Anyway, my thoughts already turning to spring and the garden, which looks like a piece of wasteground right now :( :( .And of course the garden and warmer weather makes me thing of the smoker and getting it going. I confess it hasn't been used since about September now, and thanks to the sudden accident i never got it packed away for winter and its sat outside rusting a little (under a tarp so not terminal).

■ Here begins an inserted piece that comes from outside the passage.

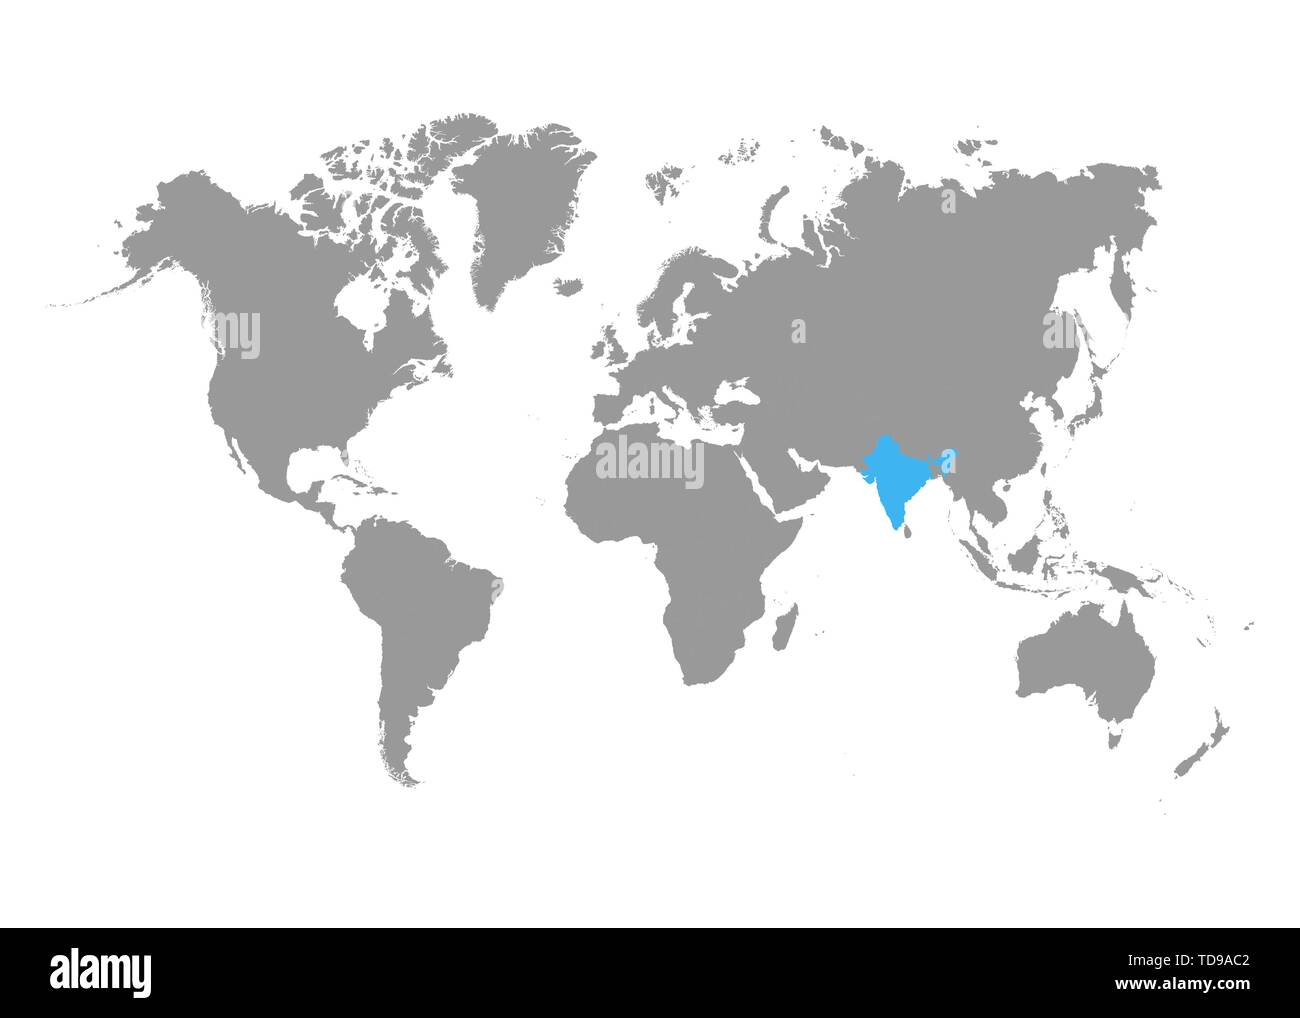 Mappa di India è evidenziata in blu sulla mappa del mondo. Vettore Illustrazione Vettoriale

So hopefully if my legs allow, i think i need to give the UDS some serious TLC, In fact it will most likely be a full rebuild, i guess best plan is to strip off the chrome parts taking it back to a bare drum again and then sanding and respraying the drum again, and then rebuild it up. Hopefully everything is salvageable else i be building a new one!

So yea, hope to be back smoking again this year, i shall get it rebuilt over the next 5-6weeks and then come April-ish i can get smoking again..


----------



## smokin monkey (Feb 18, 2016)

Hi Euro, sounds like a very bad accident you had. Glad to see you survived it and now you think its time to get back to normal. 

Look forward to seeing the rebuild and some of your BBQ's

[emoji]128077[/emoji][emoji]128077[/emoji]


----------



## euromir (Feb 18, 2016)

Yes not the best few months, Public Firework Display that went wrong is all i say LOL

I hope to get a start on the UDS next week, unbolting it all and that.


----------



## wade (Feb 19, 2016)

Hi Lee

That does not sound good. I used to run a professional firework display company and that should never happen. Was it a large professional display or a small locally organised event near Cranbrook?

Glad to hear that you are on the mend. Let me know if I can be of any help with getting you back up and BBQing 
	

	
	
		
		



		
			






  

Wade


----------



## euromir (Feb 19, 2016)

Wade said:


> Hi Lee
> 
> That does not sound good. I used to run a professional firework display company and that should never happen. Was it a large professional display or a small locally organised event near Cranbrook?
> 
> ...


Yes, im involved in professional pyro too (not on day of accident) as i think we discussed previously so i can safely say it was just a freak accident mainly, Chinese Cat4 cake malfunctioned and fired in every direction but mainly mine! Only possible fault is safety distances too short. But anyway wont go into detail please as legal action ongoing,..
 

Thanks for offer, This year i hope to actually get more BBQing done, Confess onlt used my UDS 5-6 times last year and only Chicken or burgers, so really need get doing some proper smoking!


----------